ИДЕНТИЧНОСТЬ И ТРАНСФОРМАЦИЯ

В этой статье меня будет интересовать характерный для авангардистской поэ­тики способ осмысления того значения, которым обладает революционное преобразование традиции, распространяющееся от отрицания устоявшихся культурных форм до полного преображения социально-политического ре­жима, равно как и ценностных установок индивидуального существования. Дискурсивное или буквальное насилие, которое опознавалось русским аван­гардом как адекватное средство и справедливая цена необходимого преобра­зования, делает аналитическую рамку, возникшую для работы с феноменом травмы, применимой и для разговора о радикально-модернистском взгляде на необходимость революционной трансформации коллективной идентично­сти масс и индивидуальной идентичности каждого субъекта в отдельности.
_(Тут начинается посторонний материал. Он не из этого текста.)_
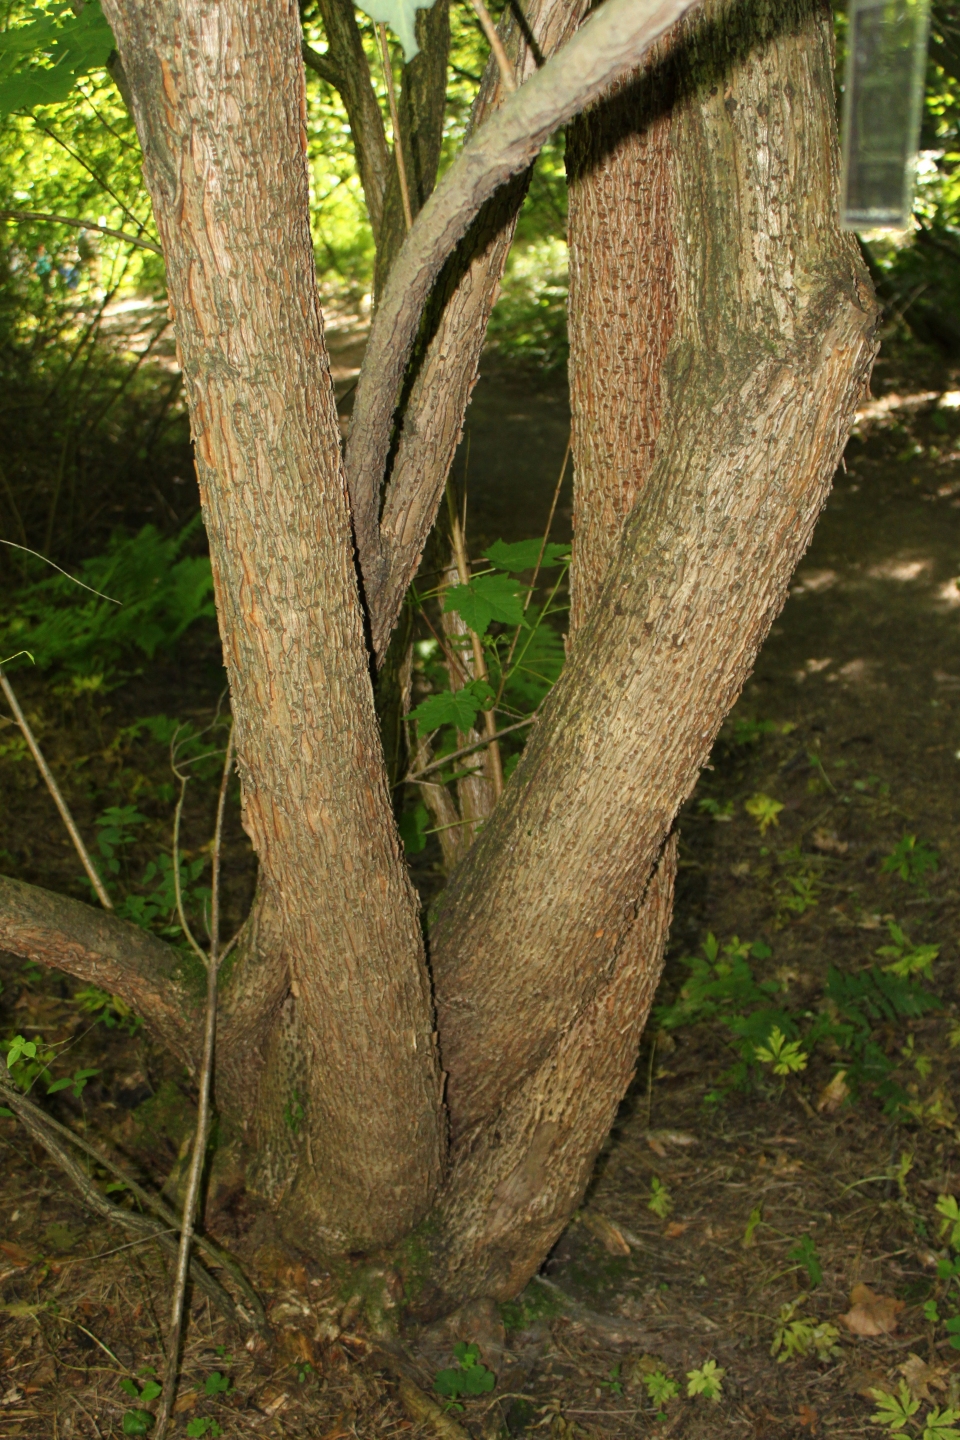 Acer caudatum

Революция, переворачивая практически все привычные рутины человечес­кой жизни, неся боль и страдания, высвобождая обычно сдерживаемую соци­альными нормами и институтами энергию насилия, должна выступать как один из парадигматических примеров коллективной исторической травмы. Польский социолог Петр Штомпка предложил общую модель, описывающую любую глубокую социальную трансформацию в категориях травмы[5]:

Коренится ли травма в реальных травматических событиях или нет, состоя­ние травмы имеет общую характеристику — нарушение нормальности. Ве­роятно, в природе человека есть что-то тяготеющее к порядку, привычке, повторяемости, продолжительности, стандартизации, предсказуемости, само собой разумеющемуся. Этим удовлетворяется наше стремление к эк­зистенциальной безопасности. Травма появляется, когда происходит рас­кол, смещение, дезорганизация в упорядоченном, само собой разумею­щемся мире[6].

 

Помимо стремления к «экзистенциальной безопасности» за человеческой склонностью к повторяемости и воспроизводству привычек стоит и эконо­мический момент, позволяющий сокращать количество сил, затрачиваемых в процессе социальной коммуникации[7]. Затрагивая ядро социокультурного порядка и осуществляя разрыв между привычным контекстом и новыми условиями, революция обладает дезорганизующей мощью, претендующей на то, чтобы сделать ее образцовым травматическим событием.

Парадокс заключается в том, что, несмотря на массовый клинический анамнез, диагностируемый у пламенных революционеров и славных бойцов- кавалеристов уже в постреволюционные 1920-е[8], несмотря на глубокий след, оставленный революцией в литературе и искусстве, травма не стала домини­рующей культурной рамкой в восприятии русской революции. Точнее ска­зать, очевидная травматичность революционного события и характерный для переживания травмы символический репертуар, наполненный навязчи­выми образами насилия и смерти, разрушения культурного наследия и эти­ческих императивов, постоянно акцентировались, но ее последствия для переживающего революцию субъекта оценивались по-разному. Одни под­черкивали внешний по отношению к собственной идентичности характер травмы, другие признавали ее как неотъемлемую часть своего «я», но прида­вали ей фундаментально позитивный характер, диалектически переописывая слом (травму) как внутреннюю обязанность революционного субъекта, ос­нову его идентичности.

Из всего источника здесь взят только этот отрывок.